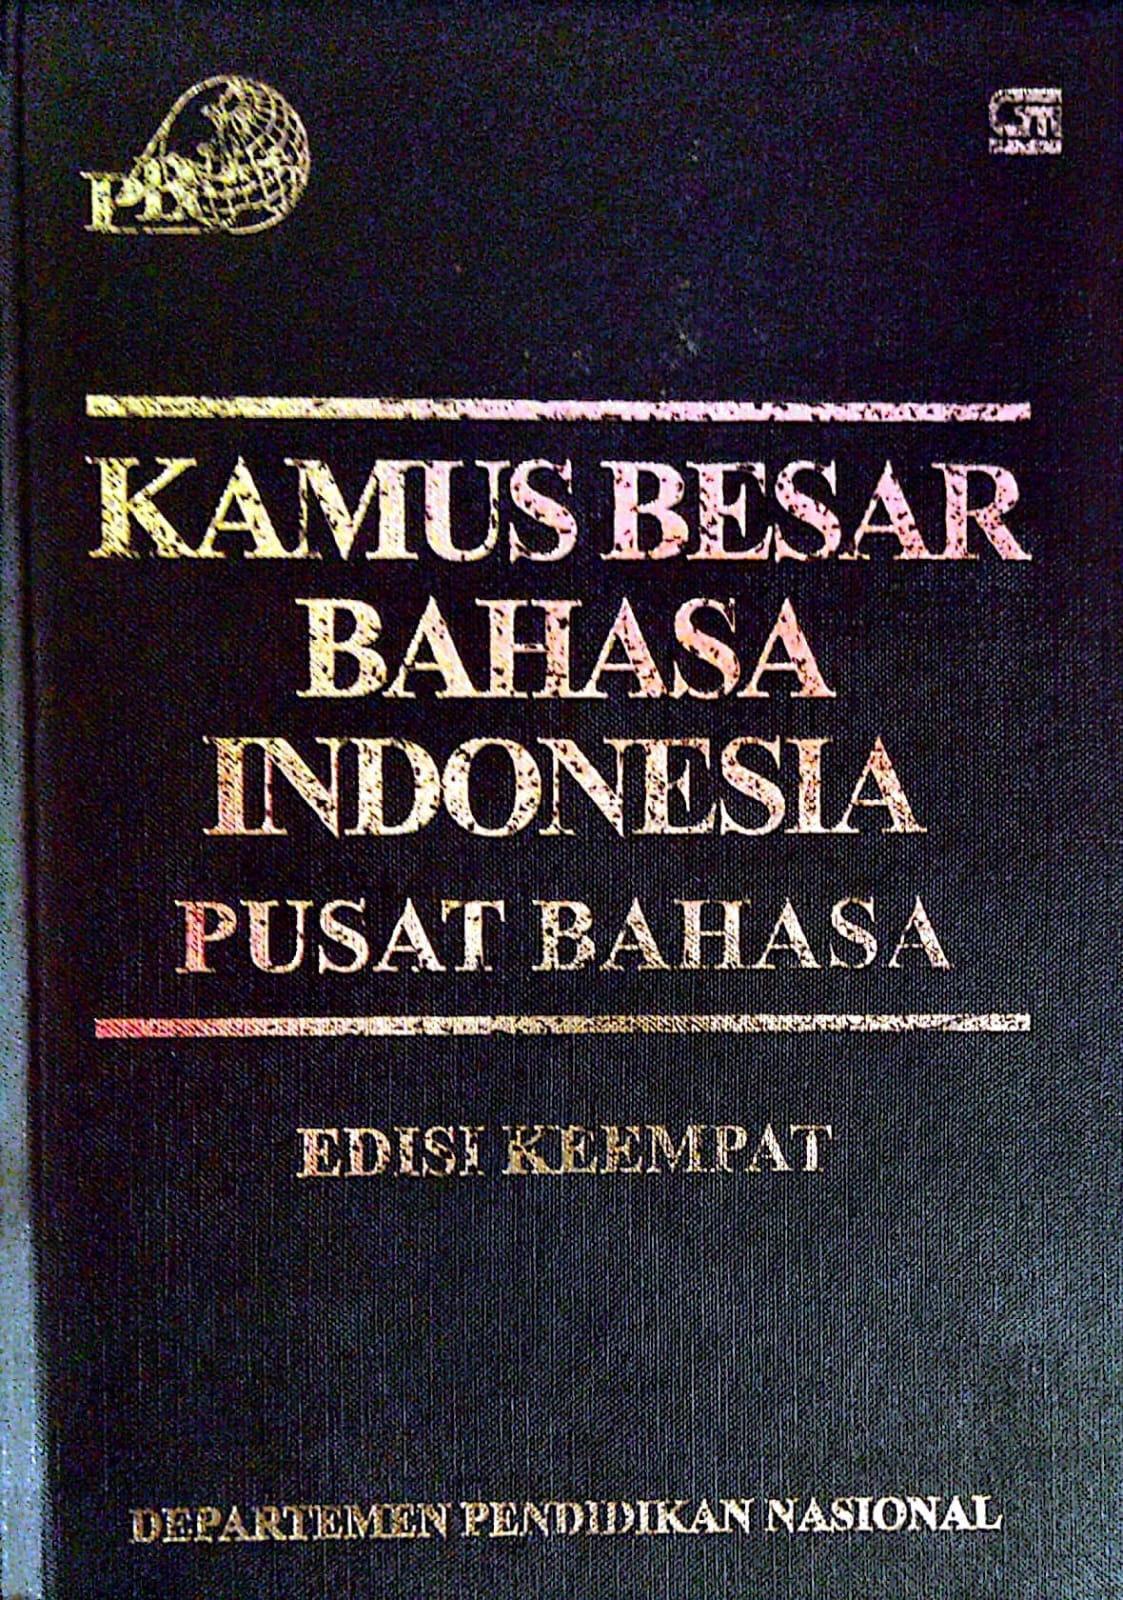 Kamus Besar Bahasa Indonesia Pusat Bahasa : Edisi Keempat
==================================================
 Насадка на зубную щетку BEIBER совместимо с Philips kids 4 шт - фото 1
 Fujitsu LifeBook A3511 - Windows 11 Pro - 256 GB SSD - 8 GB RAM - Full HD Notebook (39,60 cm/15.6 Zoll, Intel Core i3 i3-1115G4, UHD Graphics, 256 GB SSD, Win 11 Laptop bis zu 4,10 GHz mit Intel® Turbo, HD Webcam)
==================================================
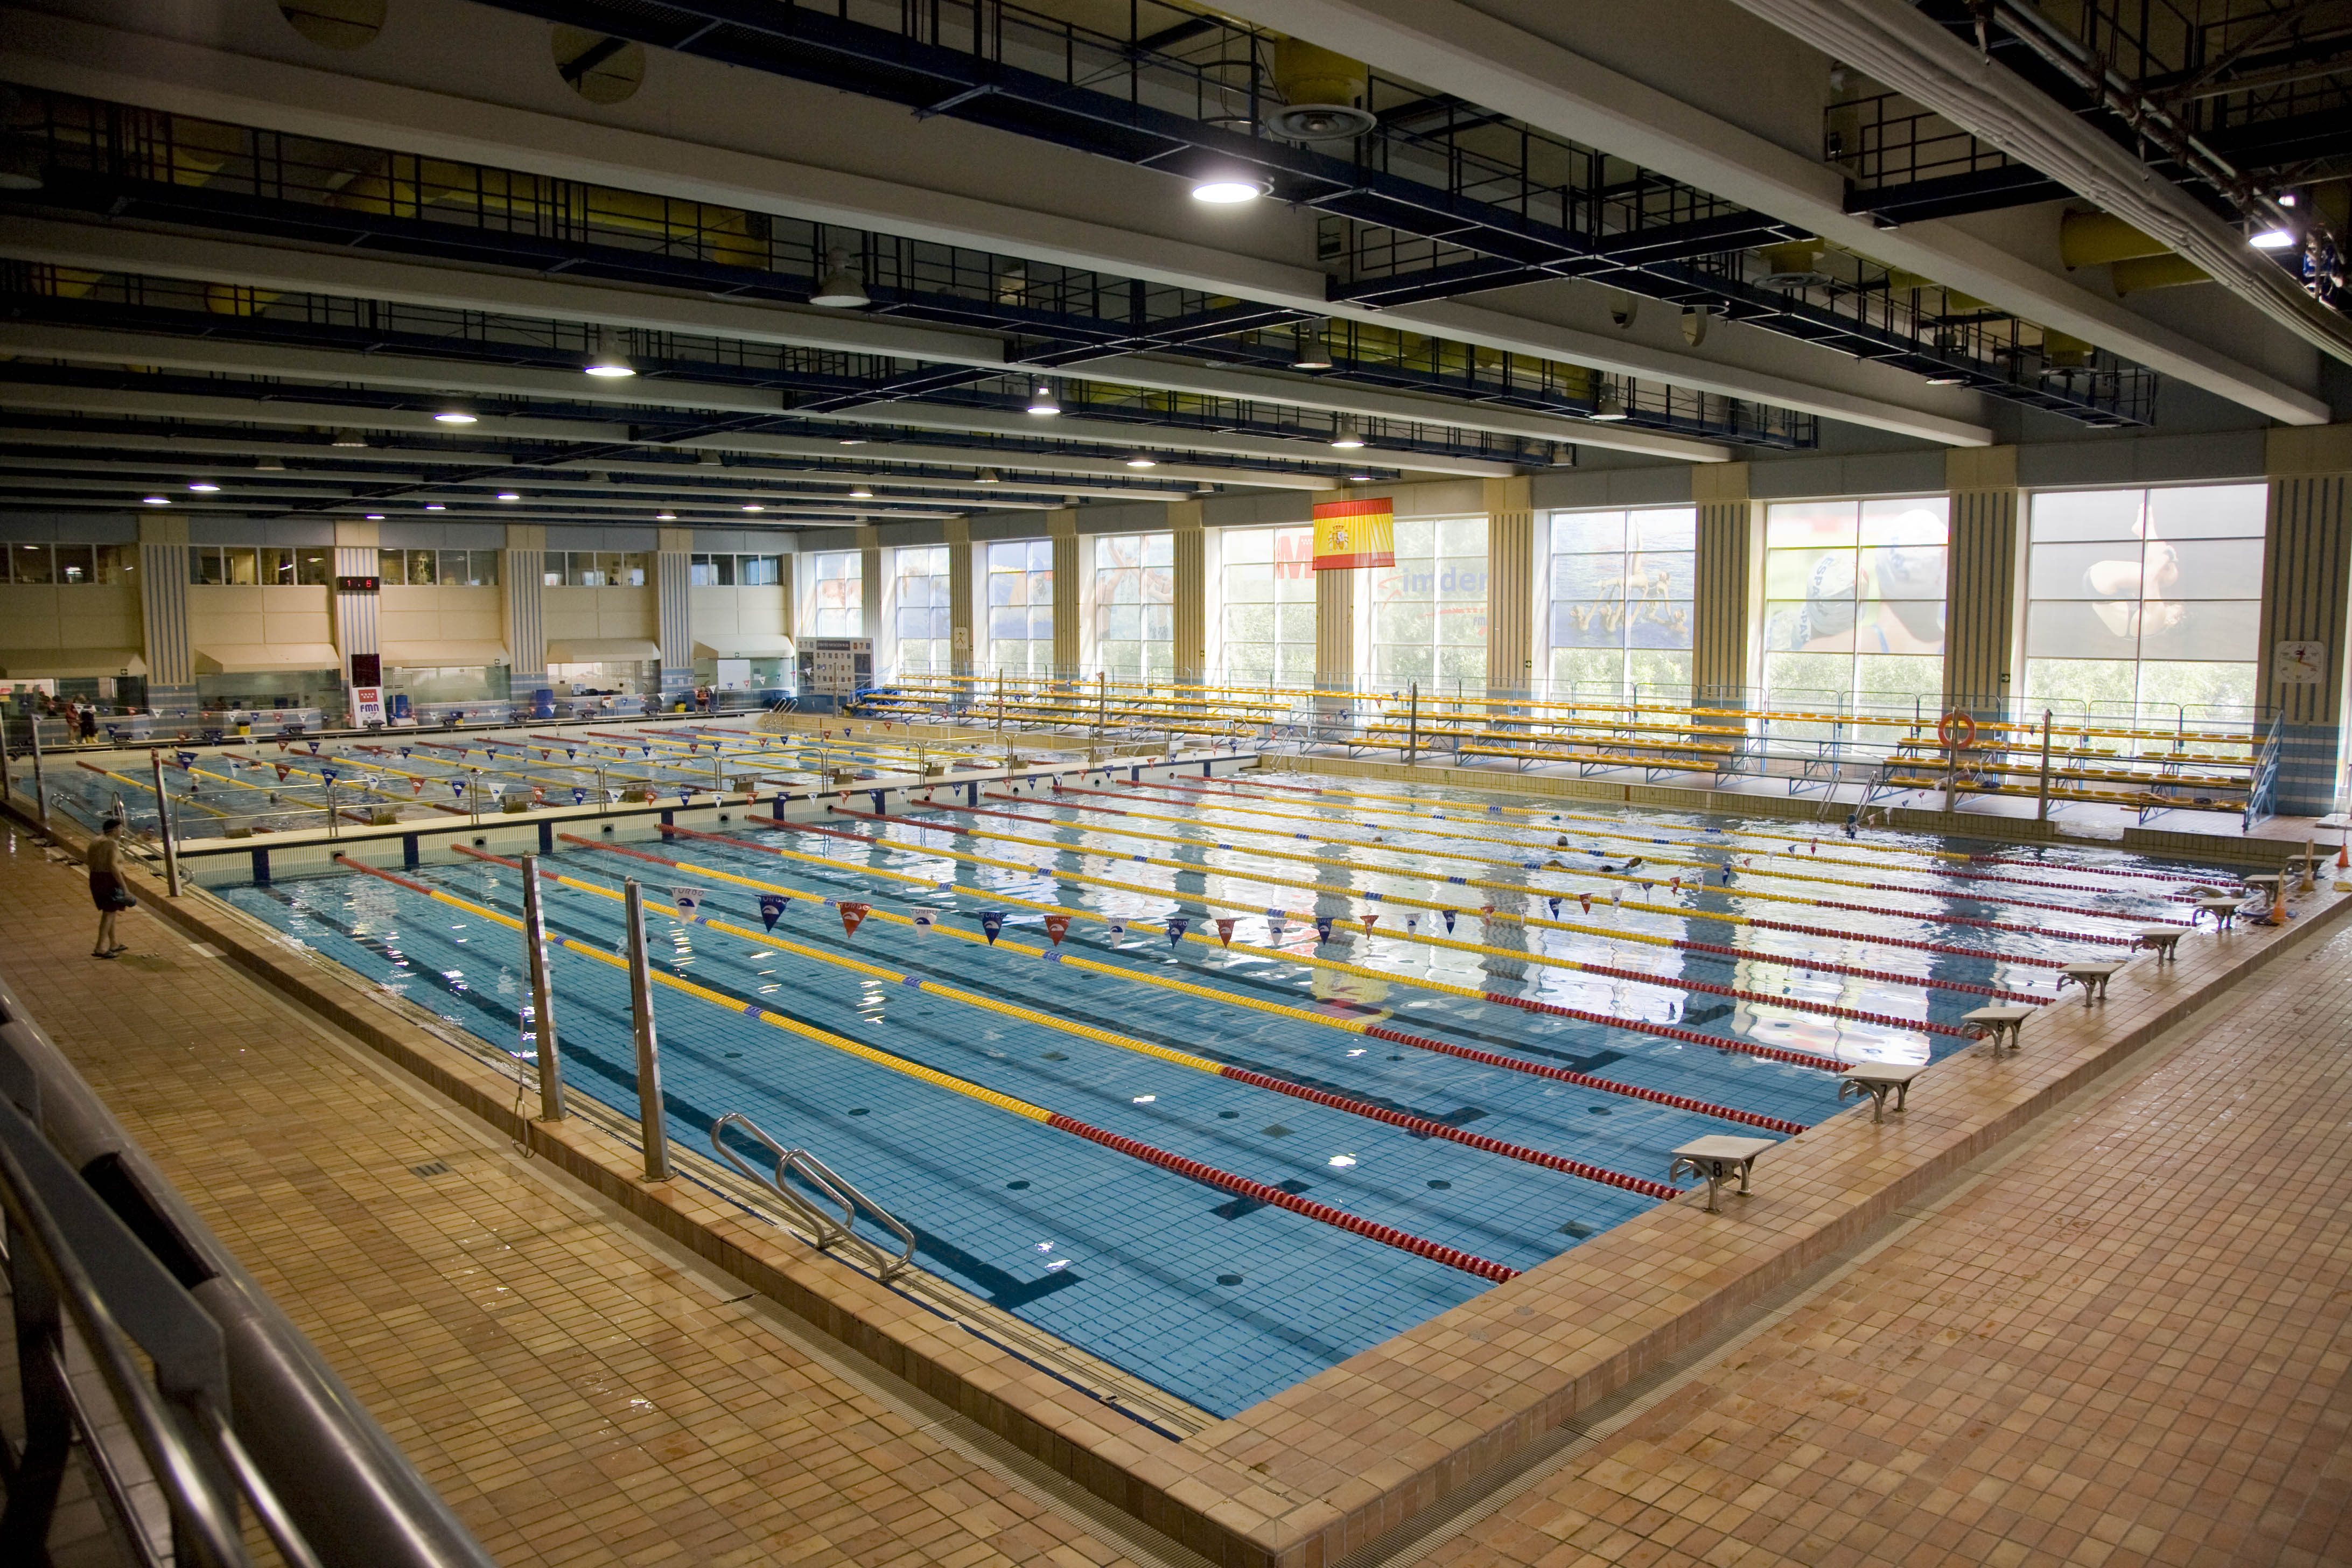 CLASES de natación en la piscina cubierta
==================================================
INSTRUCTIONS TO FOLLOW: Everything above from the line containing "Насадка на зубную" down to the line containing "Fujitsu LifeBook A3511" should be copied exactly, both end lines included, and nothing else.

EXERCISE OUTPUT:
 Насадка на зубную щетку BEIBER совместимо с Philips kids 4 шт - фото 1
 Fujitsu LifeBook A3511 - Windows 11 Pro - 256 GB SSD - 8 GB RAM - Full HD Notebook (39,60 cm/15.6 Zoll, Intel Core i3 i3-1115G4, UHD Graphics, 256 GB SSD, Win 11 Laptop bis zu 4,10 GHz mit Intel® Turbo, HD Webcam)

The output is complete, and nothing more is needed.